I do not understand why fstatat64() can be added for riscv32 still. 32bit timestamp seems works well for the present, it is valid until (0x1UL << 32) / 365 / 24 / 3600 + 1970 == 2106 year. Year 2106 should be enough for 32bit system.
Regards Bibo Mao
I would not mind adding a variant of statx() that works for both riscv32 and loongarch64 though, if it gets added to all architectures.
Arnd
On Wed, May 15, 2024, at 09:30, maobibo wrote:
On 2024/5/11 下午8:17, Arnd Bergmann wrote:
On Sat, May 11, 2024, at 12:01, Huacai Chen wrote:
Importantly, we can't just add fstatat64() on riscv32 because there is no time64 version for it other than statx(), and I don't want the architectures to diverge more than necessary.
yes, I agree. Normally there is newfstatat() on 64-bit architectures but fstatat64() on 32-bit ones.
I do not understand why fstatat64() can be added for riscv32 still. 32bit timestamp seems works well for the present, it is valid until (0x1UL << 32) / 365 / 24 / 3600 + 1970 == 2106 year. Year 2106 should be enough for 32bit system.
There is a very small number of interfaces for which we ended up not using a 64-bit time_t replacement, but those are only for relative times, not epoch based offsets. The main problems here are:
- time_t is defined to be a signed value in posix, and we need to handle file timestamps before 1970 in stat(), so changing this one to be unsigned is not an option.
- A lot of products have already shipped that will have to be supported past 2038 on existing 32-bit hardware. We cannot regress on architectures that have already been fixed to support this.
- file timestamps can also be set into the future, so applications relying on this are broken before 2038.
Arnd
On 2024/5/15 下午10:25, Arnd Bergmann wrote:
On Wed, May 15, 2024, at 09:30, maobibo wrote:
On 2024/5/11 下午8:17, Arnd Bergmann wrote:
On Sat, May 11, 2024, at 12:01, Huacai Chen wrote:
Importantly, we can't just add fstatat64() on riscv32 because there is no time64 version for it other than statx(), and I don't want the architectures to diverge more than necessary.
yes, I agree.

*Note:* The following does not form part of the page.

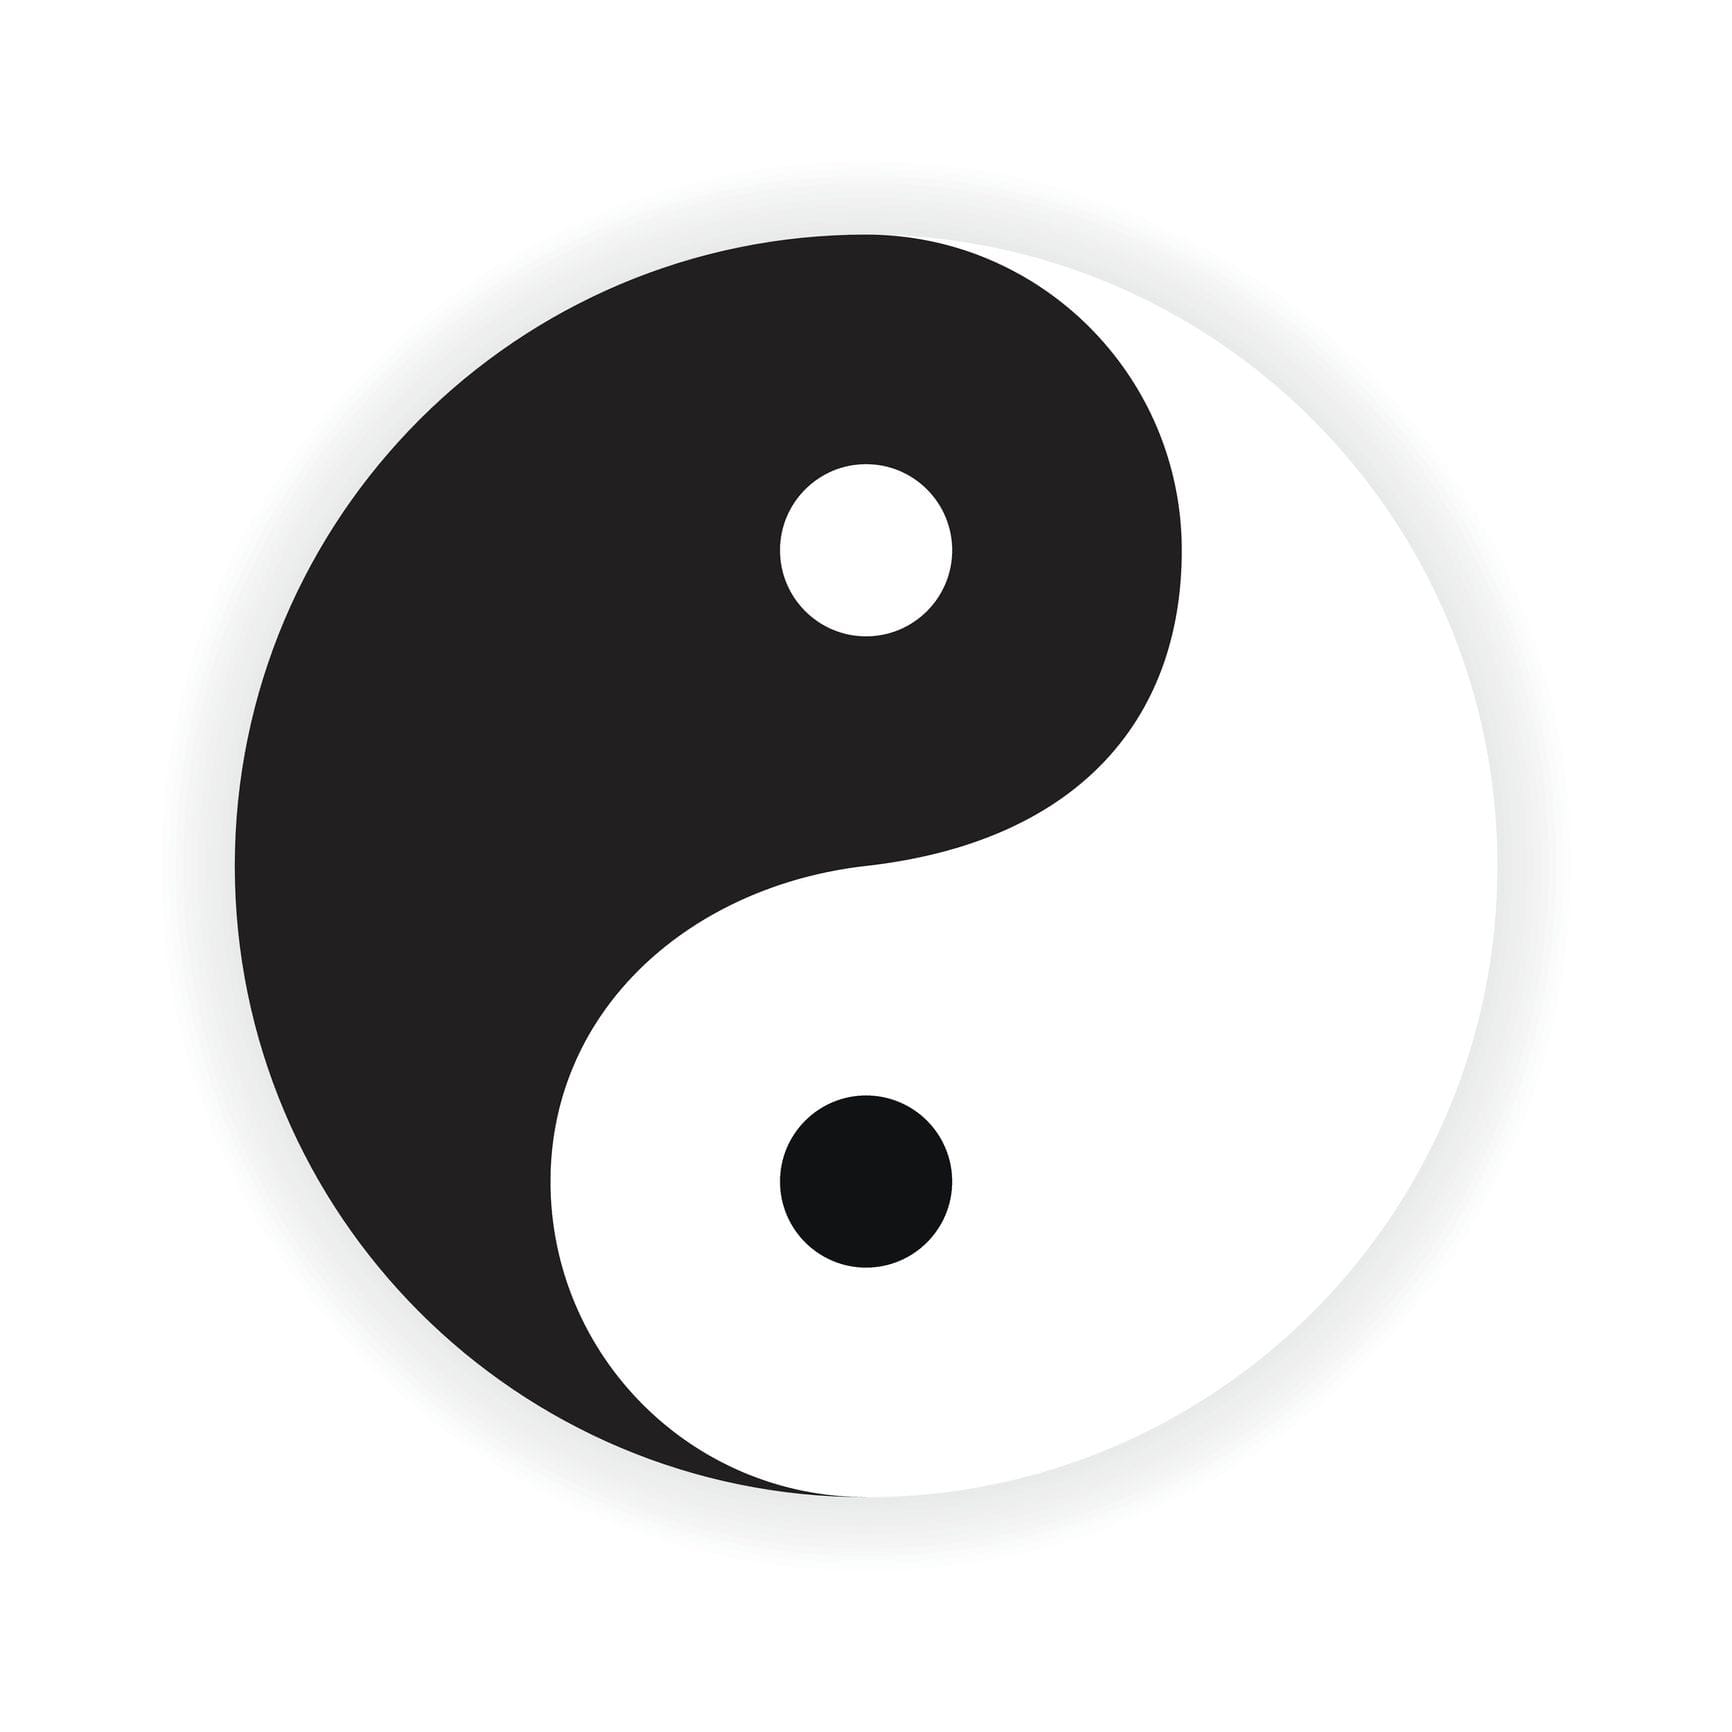 Die weibliche schwarze Seite (Yin) steht für das passive und die männliche weiße Seite (Yang) für das aktive.
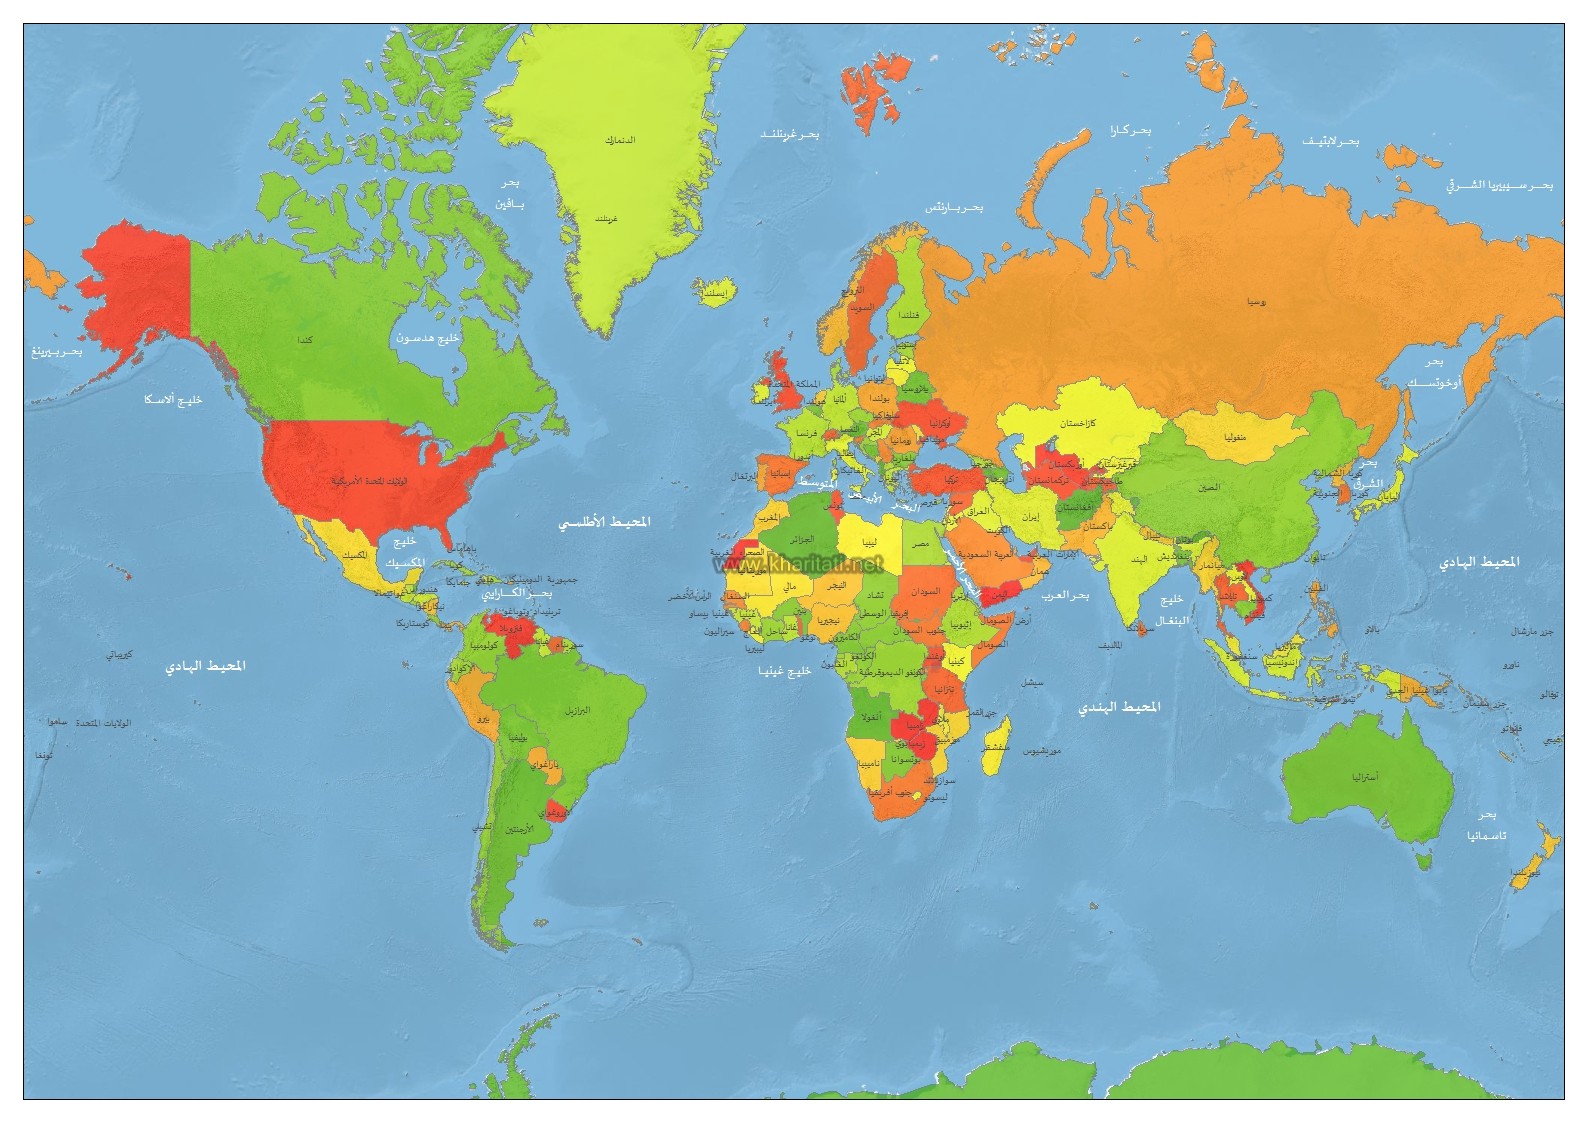 5740 2 خريطة العالم صماء - الصور الدقيقة لخريطة العالم الصماء اخلاص سيف

Normally there is newfstatat() on 64-bit architectures but fstatat64() on 32-bit ones.
I do not understand why fstatat64() can be added for riscv32 still. 32bit timestamp seems works well for the present, it is valid until (0x1UL << 32) / 365 / 24 / 3600 + 1970 == 2106 year. Year 2106 should be enough for 32bit system.
There is a very small number of interfaces for which we ended up not using a 64-bit time_t replacement, but those are only for relative times, not epoch based offsets. The main problems here are:
time_t is defined to be a signed value in posix, and we need to handle file timestamps before 1970 in stat(), so changing this one to be unsigned is not an option.
A lot of products have already shipped that will have to be supported past 2038 on existing 32-bit hardware. We cannot regress on architectures that have already been fixed to support this.
file timestamps can also be set into the future, so applications relying on this are broken before 2038.
I see. And thanks for detailed explanation.